Невестка вышла во двор и позвала:
— Пошли есть. — Она осмотрелась и спросила: — А где же ребята?
— Пошли за пивом, — ответил стариков сын.
— Ну ладно, — сказала она и подошла ближе.
— Да не будь ты ребенком. На новом месте как барин будешь жить, — сказал сын.

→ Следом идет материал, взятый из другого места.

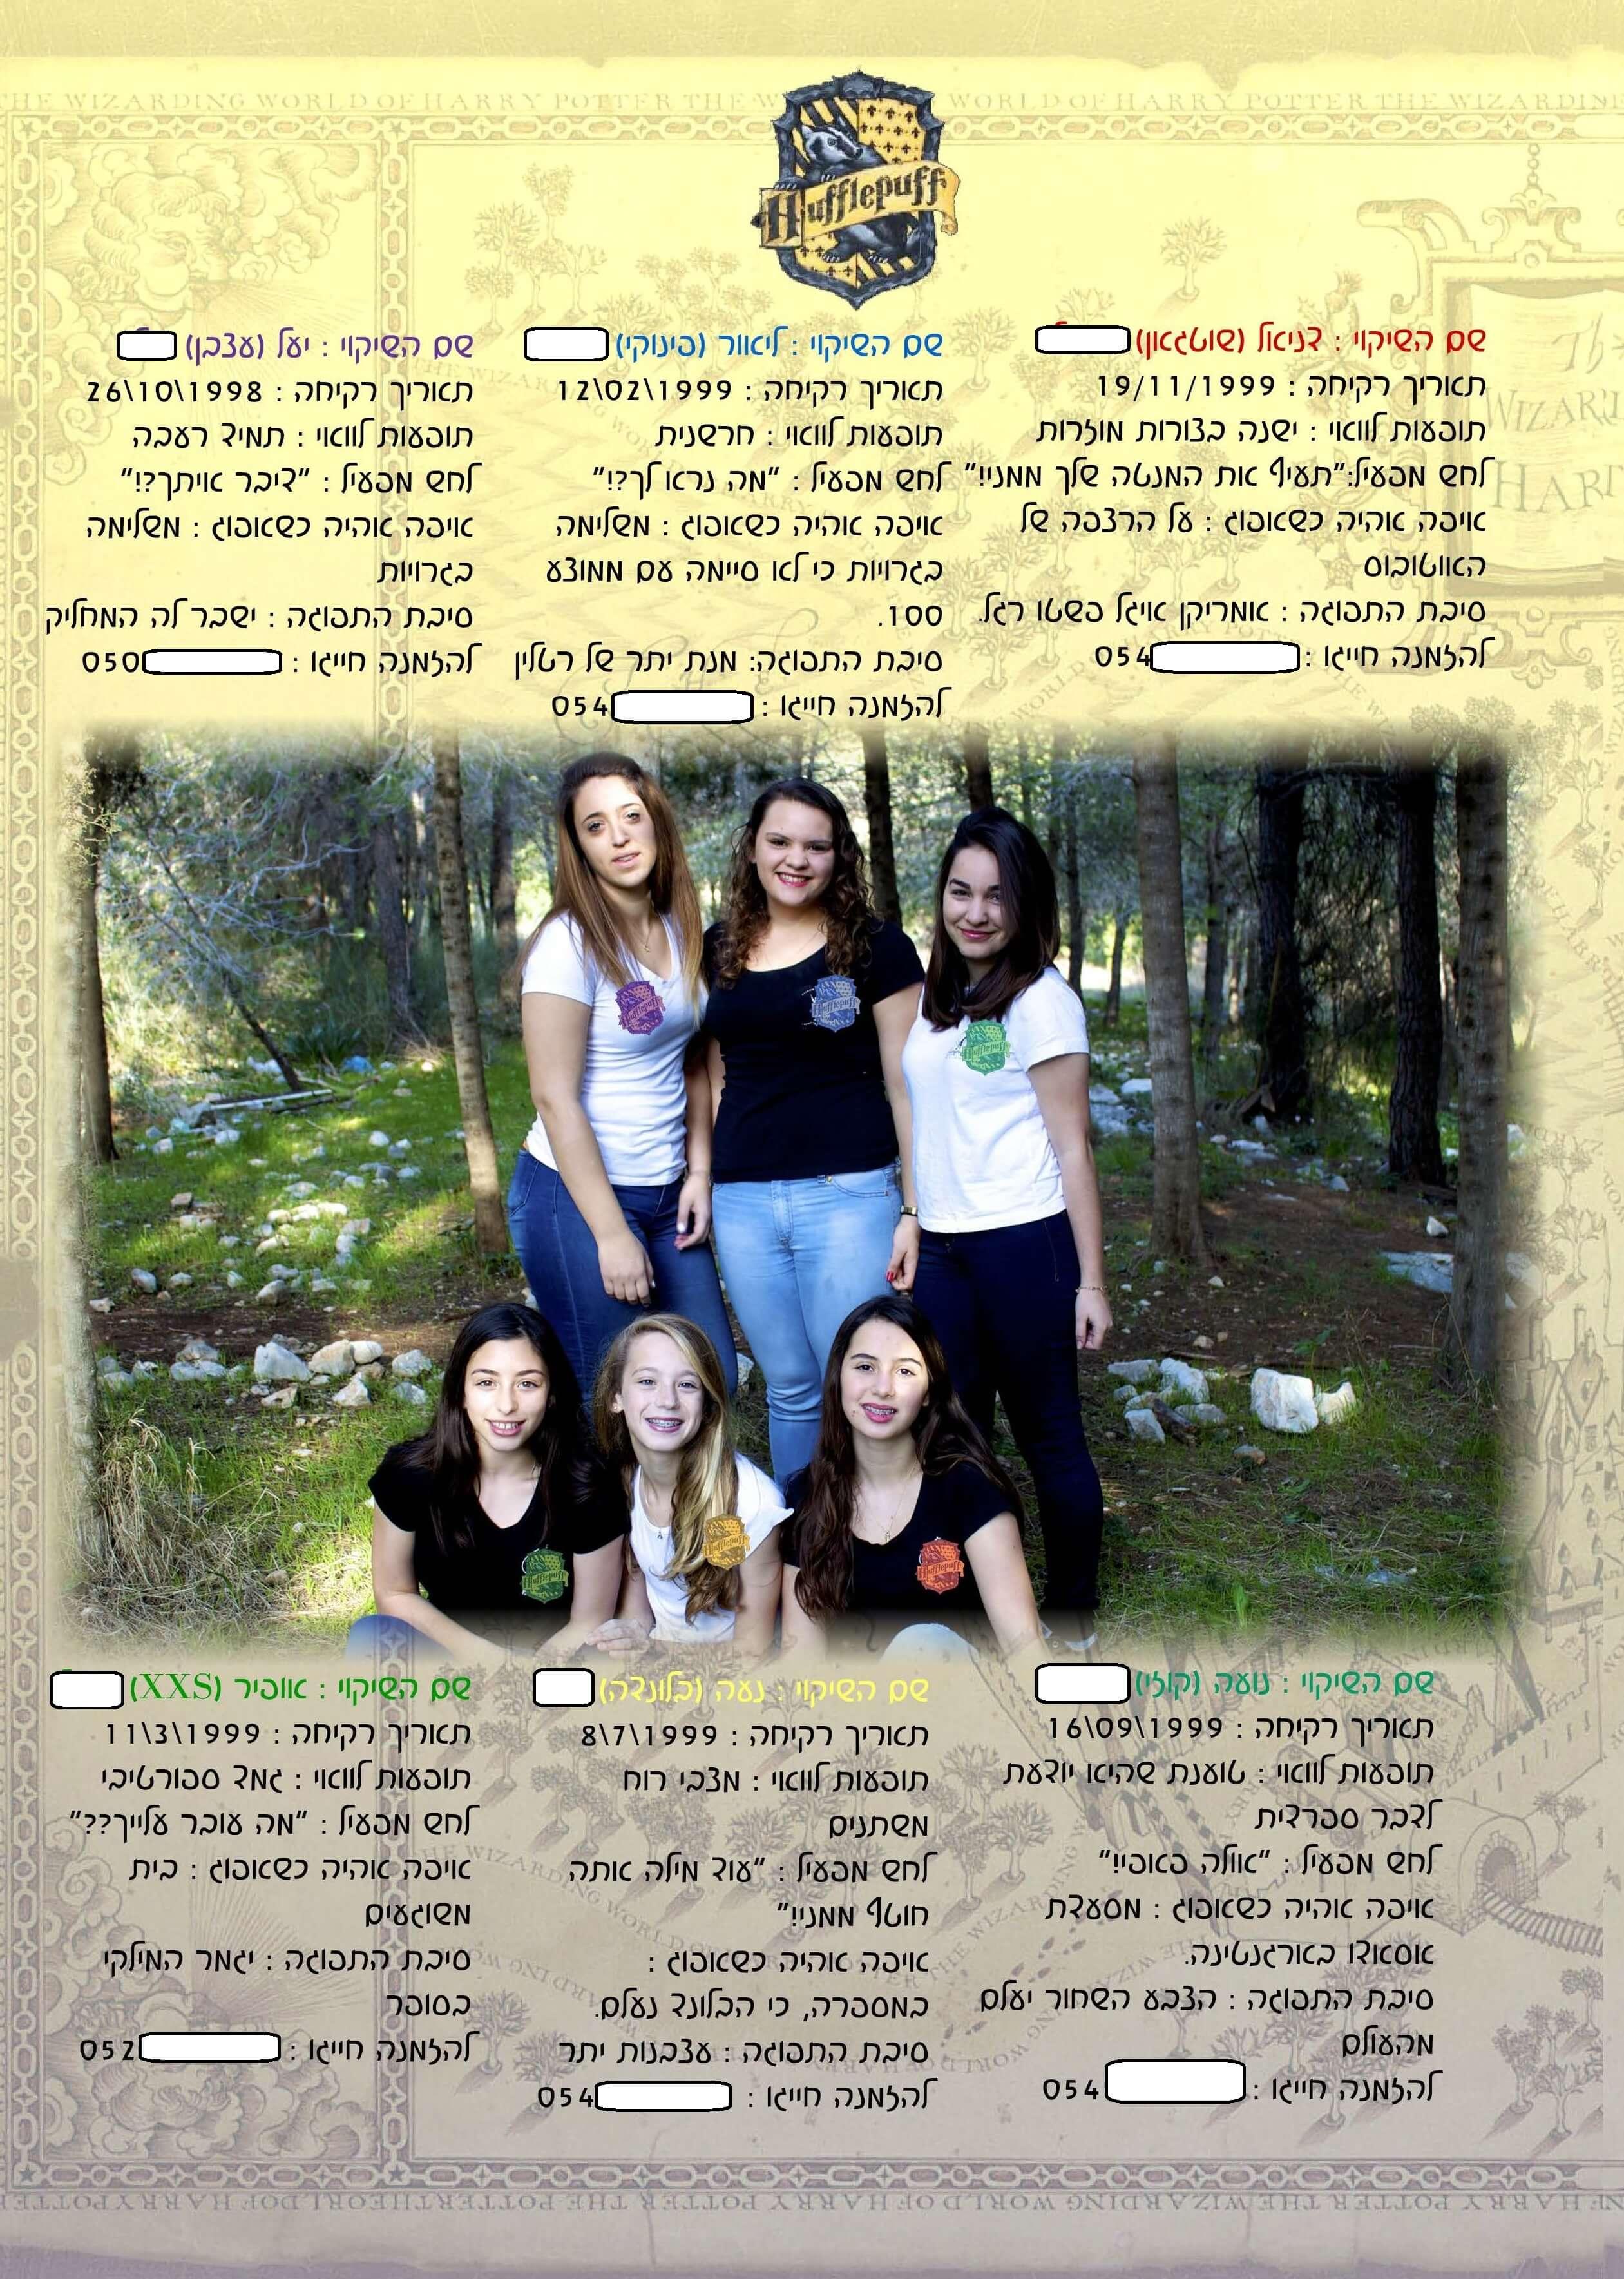 תמונה קבוצתית בספר

— Ей-богу, вы ведете себя так, будто мы вас в дом призрения отдаем, — упрекнула старика невестка.
Старик молча слушал.
Парни принесли пиво. Сын обратился к матери:
— Мама, мы проголодались.
— Пошли обедать. Только вас и ждали, — ответила мать и направилась к машине. — Пан шофер, пойдемте перекусить.
Все собрались на кухне. Невестка поставила тарелки и разложила ложки. Она все время извинялась:
— Простите уж… Все упаковано…
Старик ел тоже.
Пообедав, мужчины вынесли во двор стол и скамью и погрузили на машину.
Шофер поднял борта машины и спросил:
— А где ж новый хозяин?
— Можно его не ждать, — ответил сын. — Он еще вчера взял ключи. Придет попозже запереть дом.
— Значит, можем отправляться? — спросил шофер.
Стариков сын кивнул.
Парни надели штормовки, на головы — каски и сели на мотоцикл. Товарищ внука запустил мотор.
— Только осторожнее, — напутствовала их невестка. — Не ездите быстро.
Парни ухмыльнулись и рванули со двора, даже не оглянувшись.
Сын вернулся в дом, проверил, закрыты ли окна, и, убедившись, что все в порядке, вернулся во двор.
— А мы тут уместимся? — заботливо спросила невестка.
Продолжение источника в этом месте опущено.